[Records from a dataset]
'''

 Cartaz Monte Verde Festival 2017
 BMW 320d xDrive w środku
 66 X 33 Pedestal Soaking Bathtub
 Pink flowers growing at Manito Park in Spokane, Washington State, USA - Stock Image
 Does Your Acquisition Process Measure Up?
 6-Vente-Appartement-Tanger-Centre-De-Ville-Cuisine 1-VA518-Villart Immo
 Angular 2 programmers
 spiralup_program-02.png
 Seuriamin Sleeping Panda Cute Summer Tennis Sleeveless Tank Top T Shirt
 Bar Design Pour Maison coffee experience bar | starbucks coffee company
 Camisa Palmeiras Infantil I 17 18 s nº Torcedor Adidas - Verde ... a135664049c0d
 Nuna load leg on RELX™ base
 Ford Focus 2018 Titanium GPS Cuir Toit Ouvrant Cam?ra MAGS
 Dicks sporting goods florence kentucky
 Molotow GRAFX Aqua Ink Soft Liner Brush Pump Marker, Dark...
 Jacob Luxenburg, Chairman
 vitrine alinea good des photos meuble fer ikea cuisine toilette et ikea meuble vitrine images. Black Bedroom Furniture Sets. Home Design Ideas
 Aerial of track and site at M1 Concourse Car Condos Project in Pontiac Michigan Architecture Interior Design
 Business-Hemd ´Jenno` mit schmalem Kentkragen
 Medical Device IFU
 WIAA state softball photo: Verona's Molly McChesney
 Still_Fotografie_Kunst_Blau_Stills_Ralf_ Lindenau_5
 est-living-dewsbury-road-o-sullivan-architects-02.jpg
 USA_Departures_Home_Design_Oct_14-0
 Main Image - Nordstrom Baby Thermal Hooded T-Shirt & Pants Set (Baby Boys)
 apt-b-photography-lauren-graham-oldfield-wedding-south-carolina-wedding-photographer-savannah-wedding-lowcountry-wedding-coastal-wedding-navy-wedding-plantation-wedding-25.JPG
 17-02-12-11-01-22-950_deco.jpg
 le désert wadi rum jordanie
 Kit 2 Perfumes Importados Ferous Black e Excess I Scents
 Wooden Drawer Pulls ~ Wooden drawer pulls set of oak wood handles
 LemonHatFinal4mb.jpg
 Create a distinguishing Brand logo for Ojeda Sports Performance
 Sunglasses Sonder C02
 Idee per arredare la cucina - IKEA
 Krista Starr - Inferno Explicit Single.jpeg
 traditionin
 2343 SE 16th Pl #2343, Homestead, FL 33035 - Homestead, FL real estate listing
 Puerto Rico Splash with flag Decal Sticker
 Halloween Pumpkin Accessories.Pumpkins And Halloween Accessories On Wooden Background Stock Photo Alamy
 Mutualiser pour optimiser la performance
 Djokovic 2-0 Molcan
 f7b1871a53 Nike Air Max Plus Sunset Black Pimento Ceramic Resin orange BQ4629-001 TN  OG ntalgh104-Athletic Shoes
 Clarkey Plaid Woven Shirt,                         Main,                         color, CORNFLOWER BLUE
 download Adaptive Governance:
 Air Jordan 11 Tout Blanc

'''

**Try it**
Identify each line in the records above that contains the word "Wooden", and copy it out in full.

**Answer space**
 Wooden Drawer Pulls ~ Wooden drawer pulls set of oak wood handles
 Halloween Pumpkin Accessories.Pumpkins And Halloween Accessories On Wooden Background Stock Photo Alamy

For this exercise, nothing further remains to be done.